Everything works as expected for t5-large, but t5-3b ooms while building the engine. (using the code in the readme)

The network itself only consumes: 6448MiB / 15109MiB

I tried setting the workspace size really low and freeing the memory from the original plugins, but it didn't seem to help. Any advice would be appreciated.

Reproduced Steps

docker image: 22.05-py3

python ../examples/tensorrt/t5/extractT5ModelToBIN.py # get T5Model weight for test (need Internet)
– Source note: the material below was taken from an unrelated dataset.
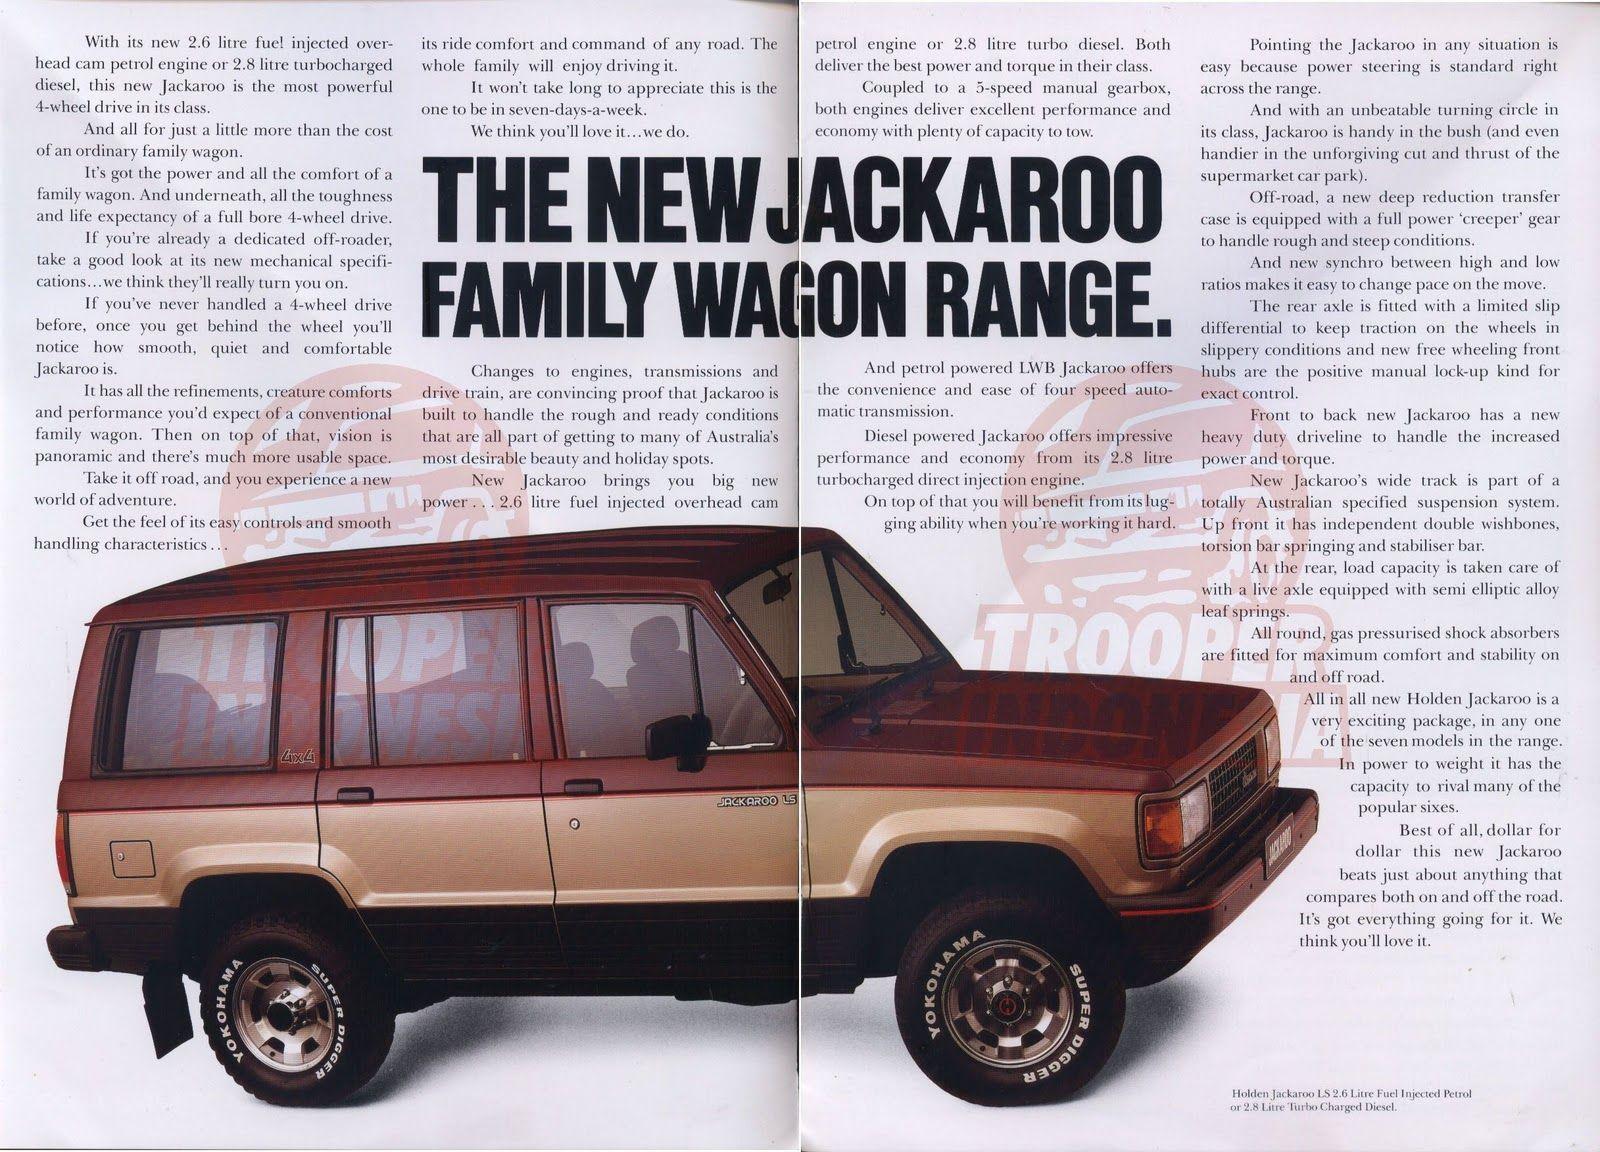 Holden_Jackaroo_1988_p7.jpg

CUDA_VISIBLE_DEVICES=0 python ../examples/tensorrt/t5/testT5Plugin.py \
        --batch_size 1 \
        --beam_width 4 \
        --max_seq_len 16 \
        --data_type fp16 \
        --sampling_topk 1 \
        --model t5-3b

chessgecko avatar Jun 16 '22 00:06 chessgecko

I see you set data_type to fp32, which requires 12 GB to store the model. In such case, bs 32 + beam width 4 + sequence length 128 may be too large.

byshiue avatar Jun 16 '22 00:06 byshiue

Sorry that was pasted from the readme I did use fp16, updated the issue

chessgecko avatar Jun 16 '22 00:06 chessgecko

This is caused by loading the weights in the plugin constructor. Because TensorRT will clone multiple plugins during building engines, we load the weights multiple times now.

We will fix this bug in next release.

byshiue avatar Jun 16 '22 03:06 byshiue

Appreciate the update.

Also can't thank you enough for this repo, it's already added so much value for us.

chessgecko avatar Jun 16 '22 18:06 chessgecko

Appreciate the update.

Also can't thank you enough for this repo, it's already added so much value for us.

@chessgecko The issue is fixed in latest release. Thank you for the feedback.

byshiue avatar Aug 16 '22 03:08 byshiue

Close this bug because it is inactivated. Feel free to re-open this issue if you still have any problem.

byshiue avatar Sep 08 '22 07:09 byshiue